Basic analysis of TOL and PPJ lists of signatories

This page contains a brief quantitative summary of the signatories on the Open Letter to the LSA Regarding Steven Pinker (TOL) and the letter by Jacobson, Partee and Pesetsky (PPJ). In total, 623 TOL signatures were analyzed. We provide a few notes on our methodology, but would like to first emphasize that this discussion is not about individuals but about the overall trend.

A group of linguist volunteers coded each name on the list by academic rank, according to the following breakdown: Student / Non-tenure-track (post-doc, visiting faculty, etc) / Pre-tenure tenure-track / Tenured or retired / Industry and alt-academia. Many of the signatories provided their job titles, but others had to be looked up. Titles outside of the North American system were translated based on job permanence; for example, a UK Lecturer was coded as Pre-tenure if they were still in their probation period and Tenured if they had passed it. Where no easy decision could be immediately made, the datapoint was simply discarded. This methodology resulted in N = 606 classified signatories.

All aggregate results are available online at https://docs.google.com/spreadsheets/d/1kLSgPApwrC2GUZd0TucpJzH2FkiwHV-Yk5RB1rp9m34/

As seen in the following table, more than 30% of the letter’s signatories are tenured or tenure-track, and of them, over 100 signatories are tenured or retired professors.
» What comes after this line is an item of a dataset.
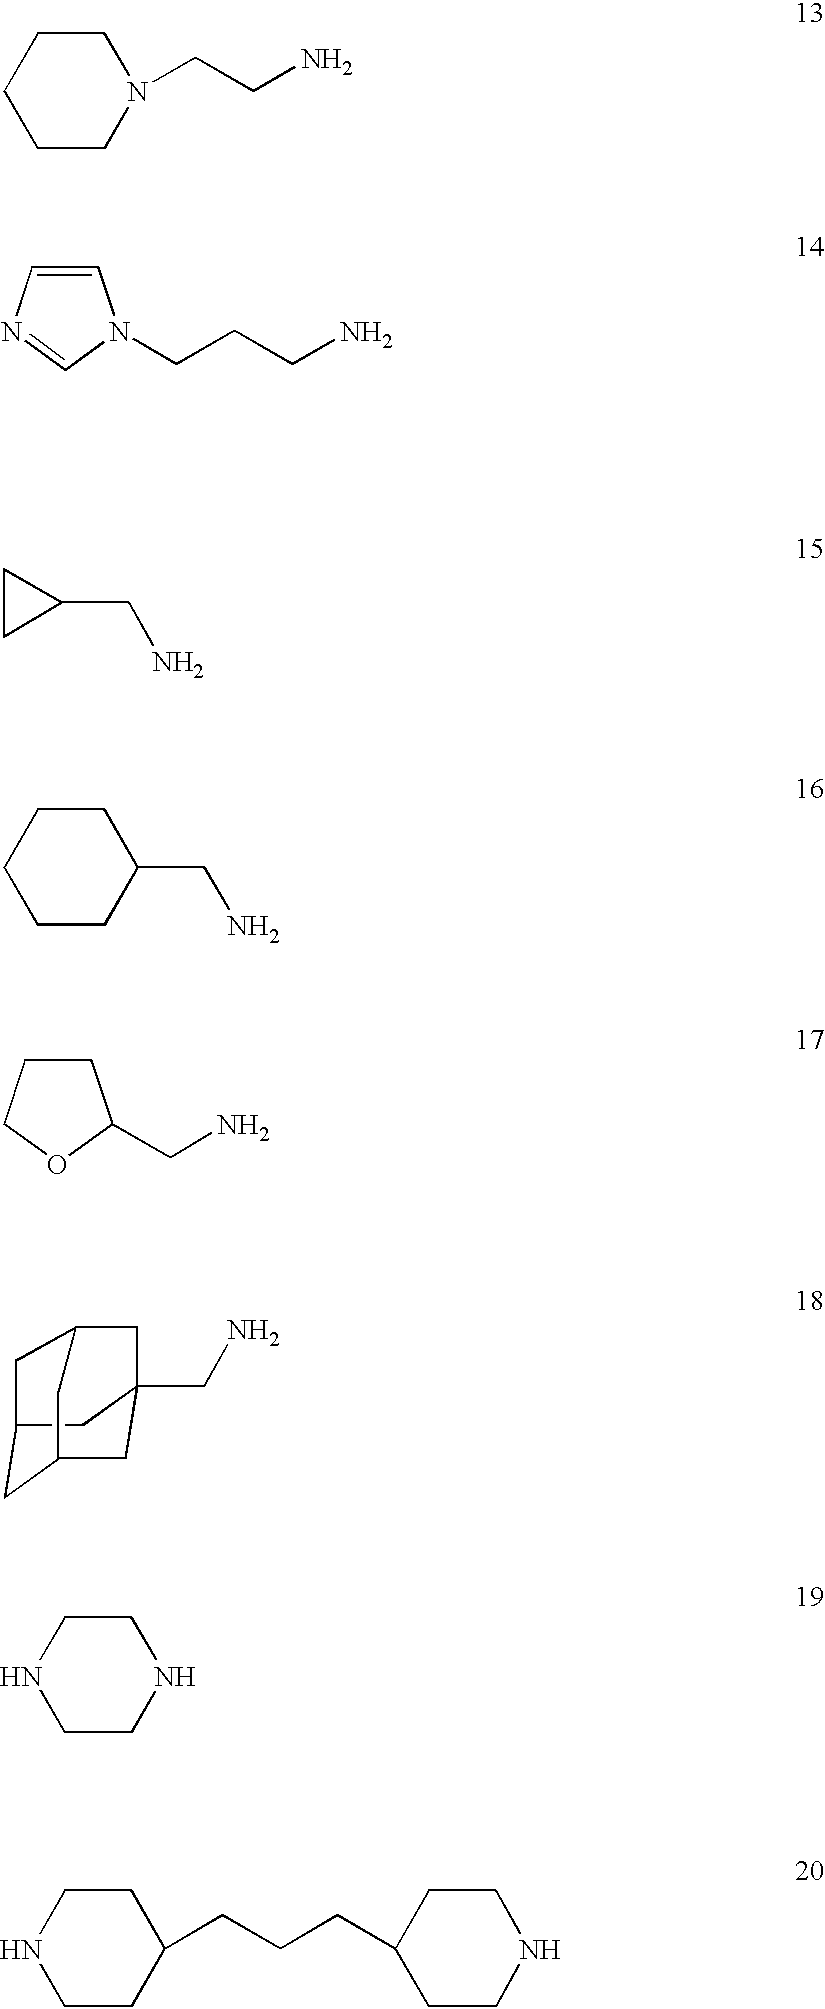 Figure US06998115-20060214-C00010
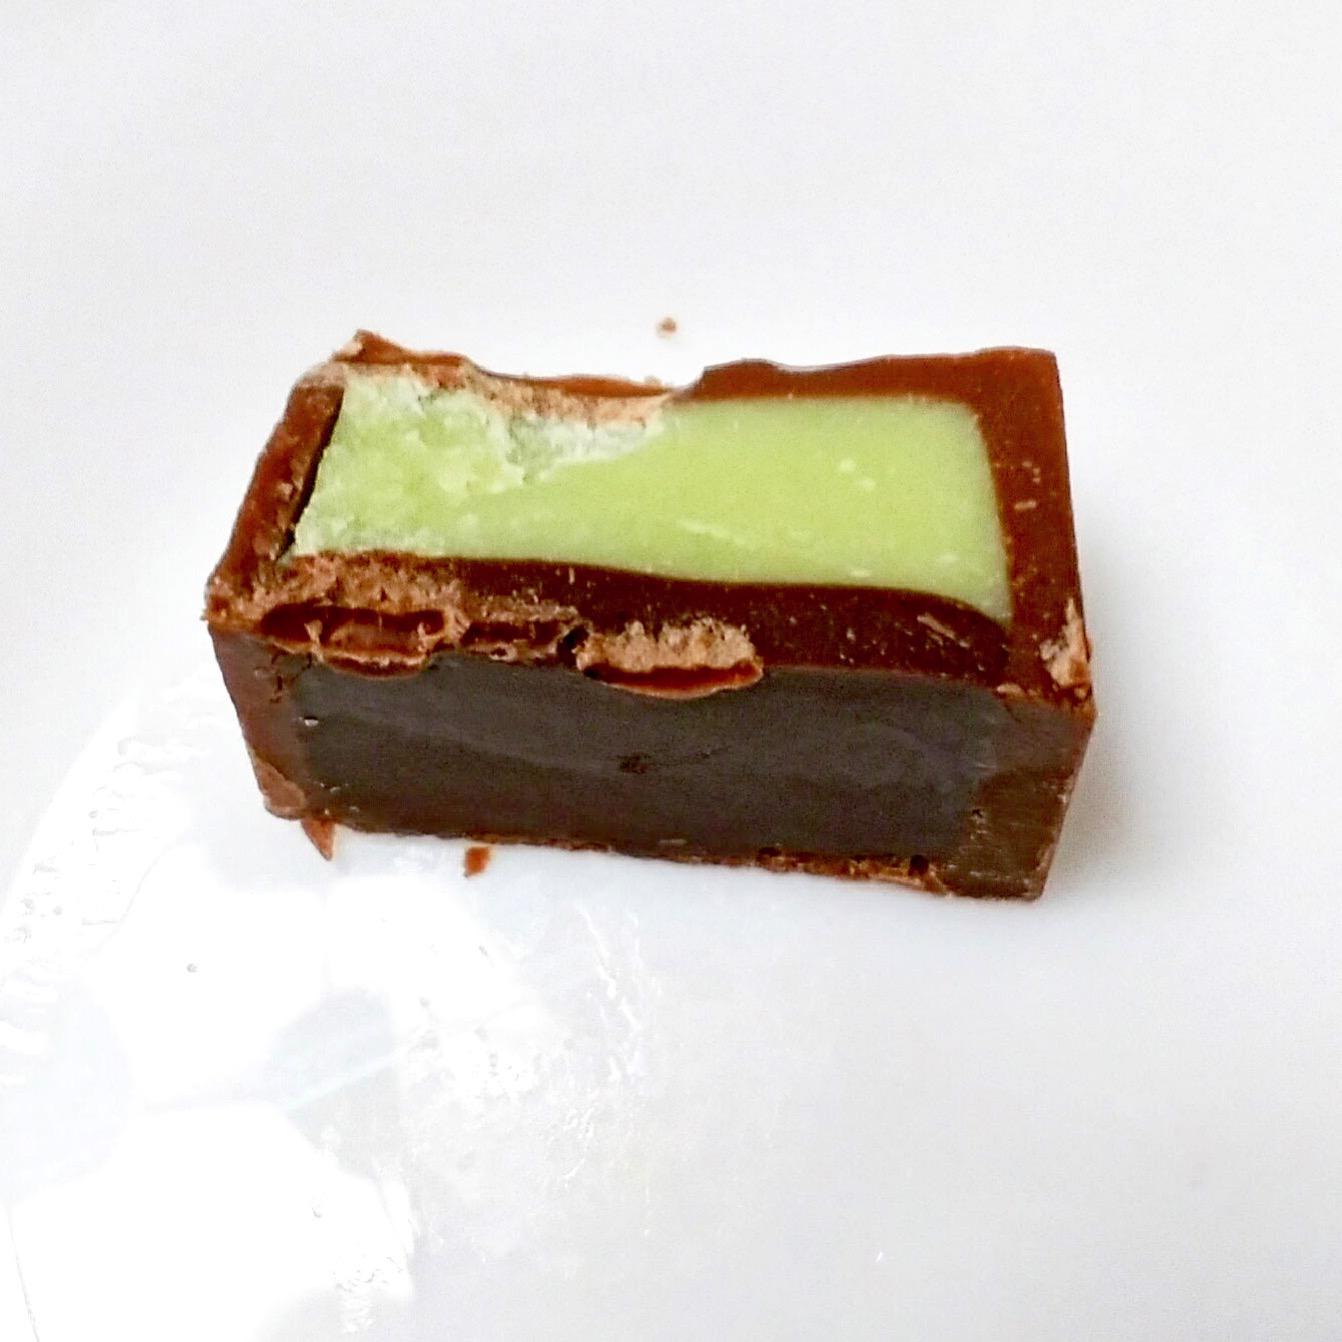 わさびチロルの中は緑のチョコレート

Totals for all signatories (whose positions were easily identifiable):

Student Non-tenure-track (post-doc/VAP/etc) Pre-tenure Tenured/retired Industry/alt-ac Totals
TOL N 257 85 70 119 75 606
TOL % 42.4% 14.0% 11.6% 19.6% 12.4% 100%
PPJ N 16 11 16 117 7 167
PPJ % 9.6% 6.6% 9.6% 70.1% 4.2% 100%

 

We next compared the makeup of signatories to the general makeup of LSA membership, in order to examine whether TOL was driven by a skewed sample whose career stage does not represent the LSA as a whole. The LSA’s Annual Report for 2019 reported a total of 3,297 members, classified as either Student, Faculty, Industry and alt-ac, or Other. Collapsing our own coding of Non-tenure-track, Pre-tenure, and Tenured/retired into one category, “All Faculty”, we arrive at the comparison in the following table. This table shows that the ratios are overall fairly similar.

Student All faculty Industry/alt-ac Other Totals
TOL N 257 274 75 N/A 606
TOL % 42.4% 45.2% 12.4% 0.0% 100%
PPJ N 16 144 7 N/A 167
PPJ % 9.6% 86.2% 4.2% 0.0% 100%
LSA 2019 N 1044 1276 211 766 3297
LSA 2019 % 31.7% 38.7% 6.4% 23.2% 100%

To reiterate, the exact coding of any individual signatory is not crucial. The signatories would not have expected to be analyzed in such depth when they signed; the rough distribution of groups is more important than the individuals; and many other factors fed into who signed each letter. For these reasons, we are not making our detailed coding public, and have also not conducted any statistical analysis on the findings. That said, these findings have been replicated in a similar analysis conducted by Michael Dow.